Chez Briocci, la règle voulait que lorsqu'une faute était commise par l'un de ses montreurs, il se retrouvât à l'amende. À l'opéra, on observait la même règle. Dans le monde des artistes d'alors, chacun côtoyait les autres et vivait en bonne harmonie. la tradition impliquait que l'on se retrouve dans quelque endroit branché - chez Marseille ou chez la Goulue, à la fête de Neuilly ou à la foire aux pains d'épices - pour dépenser le fruit des amendes. Comme Briocci était également pâtissier, le butin des punitions se troquait souvent contre sa spécialité, un "pain beurré, levé et fait au lait". Ainsi, on disait "aller chez le pitre pour briocher", ou manger le gâteau de Brioche. De cette coutume est venue l'expression "faire une brioche", synonyme de commettre une faute, une bévue, ou une maladresse.
À cette époque, on se servait de levain naturel (l'usage de la levure de bière, déclarée nuisible pour la santé, avait été interdit en 1668) et la mode des gâteaux au levain commençait. La découverte et la maîtrise de la levure biologique allaient ouvrir de nouvelles perspectives, tant en pâtisserie qu'en boulangerie. Briocci ne resta pas longtemps seul à exploiter sa recette.
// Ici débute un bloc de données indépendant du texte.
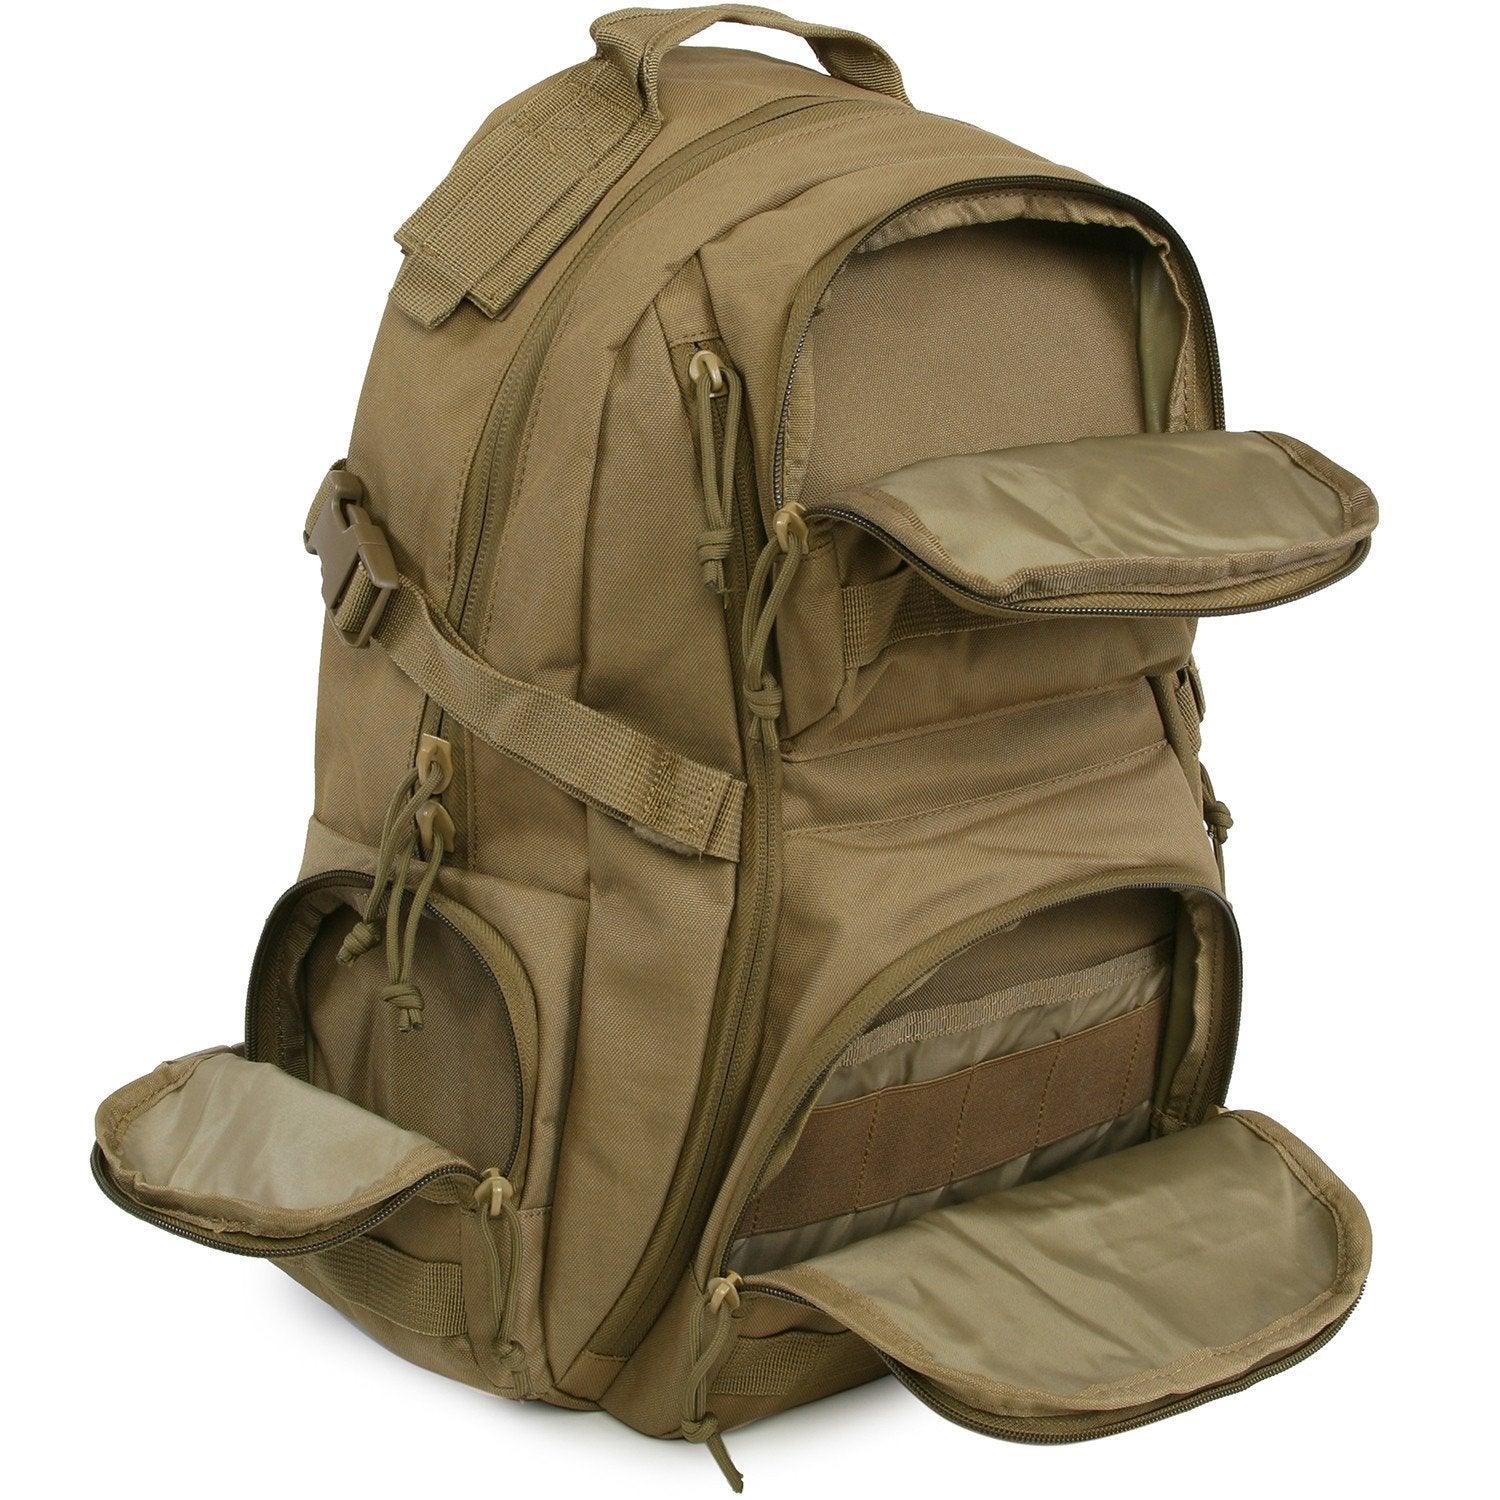 Crusher 2 Day Backpack | Durable Tactical Pack | Police & Outdoor

Selon certaines sources, les belles Parisiennes du XVIIe qui se promenaient le long du cours de Vincennes faisaient arrêter leurs carrosses devant la boutique de Flechner, au coin des rues Saint-Antoine et Saint-Paul, afin d'y acheter des brioches.
Sender, S.G., et Marcel Derrien (2003). "Marionnettes et brioches", La grande histoire de la pâtisserie-confiserie française, Genève, Éditions Minerva, p.96.


Ingrédients 
250 g de farine
100 g de beurre
8 g de levure sèche active
50 g de sucre en poudre + 10 g
50 ml de lait tiède
3 oeufs entiers
1 jaune d'oeuf
sel
eau de fleur d'oranger
sucre casson




Préparation (inspirée de La pâtisserie pour tous de Ginette Mathiot)
Dans un bol, faites dissoudre 10 g de sucre dans le lait tiède. Ajoutez au mélange la levure et couvrez le bol. Laissez la levure s'activer pendant 10 minutes. 
Mettez dans une terrine la farine. Faites-y un puits et y verser la levure active. Ajoutez les oeufs entiers, un peu de sel, le beurre amolli, le sucre et l'eau de fleur d'oranger. Travaillez bien le mélange.
Lorsque la pâte est très homogène, mettez-la dans un moule beurré (ou 6 petits) et laissez-la  gonfler pendant 3 à 4 heures (couverte d'un linge propre, dans une endroit à chaleur constante et douce - four éteint).
Avant de cuire, badigeonnez au pinceau la surface de la brioche avec le jaune d'oeuf (mélangé à un peu d'eau). Vous pouvez saupoudrer la brioche avec du sucre casson.


Cuisson 
Four à 180°C pendant 30 minutes (25 minutes pour des petits moules).


Mathiot, Ginette (1938). La pâtisserie pour tous, Paris, Albin Michel.